Это происходит уже давно, во всяком случае, не меньше десяти лет. Дяде Тому за сто.
Думать о дяде Томе, о его жизни – нестерпимо, и, когда подобные мысли все же приходят Джиму в голову, он сразу их выбрасывает. Но во время нечастых посещений заведения для престарелых такого не сделаешь – тут уж все прямо перед глазами.
По пандусу – здесь сплошные пандусы, это для инвалидных колясок – наверх, к столу дежурной.
– Время для посещений заканчивается через сорок пять минут.
Ну почему, спрашивается, у нее такая недовольная, постоянно кислая морда и сучий голос?
Не беспокойся.
Полутемный коридор пахнет аптекой. Кресла-каталки стукаются в стены, словно аттракционные автомобили на ярмарке; в креслах старые развалины, по большей части накачанные какими-то наркотическими препаратами, – по подбородкам струится слюна, глаза пустые, остекленевшие. Совсем молоденькая нянечка толкает кресло и часто-часто моргает, явно готовая заплакать. Вот-вот, в детском саду – нянечки, здесь – опять нянечки («Выиграл я или я проиграл?»)
Крохотная комната дяди Тома едва вмещает кровать, зато окно выходит на юг. Джим постучал и открыл дверь. Ну да, дядя Том, как всегда, смотрит в любимое свое окно – лежит, словно в трансе, и смотрит на клочок голубого неба.

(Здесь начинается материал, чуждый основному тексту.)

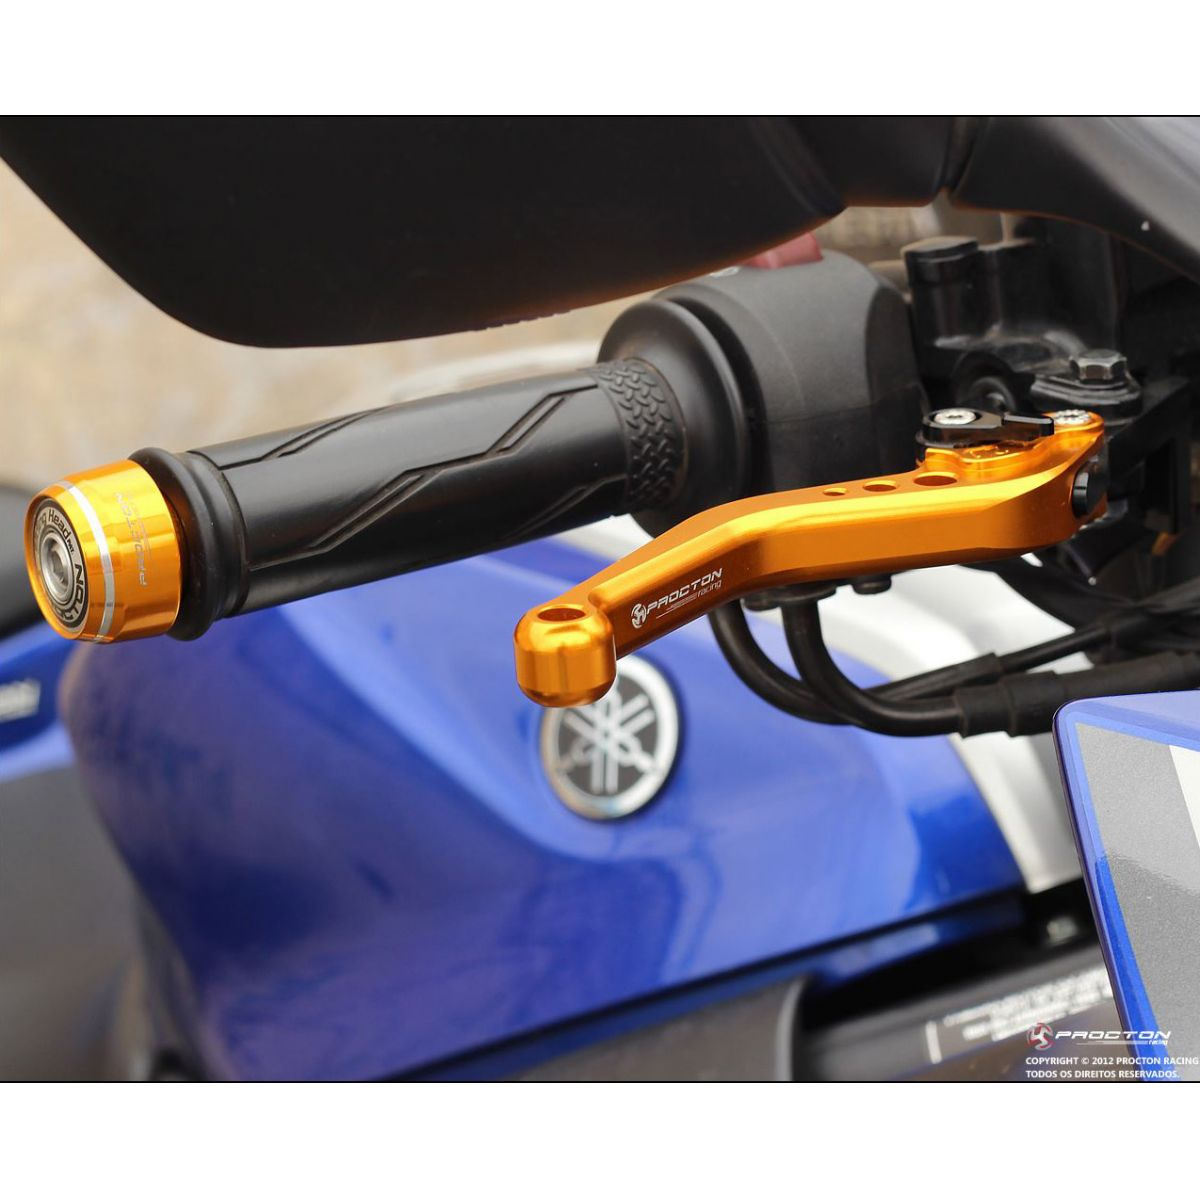 Manete Procton Racing GSXR1000 2008-2009 (F-35/S-14)  - Nova Suzuki Motos e Acessórios

Мятая фланелевая пижама в клеточку.
На подбородке трехдневная седая щетина.
Так это здесь ты живешь?
Прозрачная пластиковая трубка от ноздрей к стоящему под кроватью баллону. Кислород.
Лысая, веснушками усыпанная репа. Десять тысяч морщин. Голова черепахи.
Она медленно поворачивается, на Джима устремляются тусклые карие глаза, глаза быстро моргают, постепенно фокусируются; глядящий сквозь эти подслеповатые окошки разум неохотно возвращается в комнату – из неизвестно уж каких там своих далей. Том сглатывает слюну, как и всегда, он чувствует себя неловко.
– Привет, дядя Том.
Дядя Том смеется – словно кто-то комкает кусок бумаги.
– Не называй меня дядя Том, а то мне кажется, что сейчас придет Симон Легре. И отхлещет меня кнутом. – Снова смех; похоже, дядя Том окончательно проснулся. Он слегка приподнялся, секунду назад тусклые, глаза его приобрели знакомый Джиму острый, сардонический блеск. – Или сделаем так. Ты называй меня дядя Том, а я буду звать тебя негр Джим. Получится разговор двух рабов.
Джим заставляет себя улыбнуться:
– А что, хорошо.
– Хорошо, думаешь? Так что же тебя сюда занесло? Люси на этой неделе не придет?
– Понимаешь…
– Ничего, ничего. Будь моя воля, я бы и сам ни в жизнь сюда не пришел. – И опять комкается бумага. – Лучше расскажи, чем ты там занимаешься. Как твое преподавание?
– Прекрасно. Дело в том, что… понимаешь, это трудно, учить людей писать. Они и читают-то не слишком много, так что почти не имеют представления, как нужно писать.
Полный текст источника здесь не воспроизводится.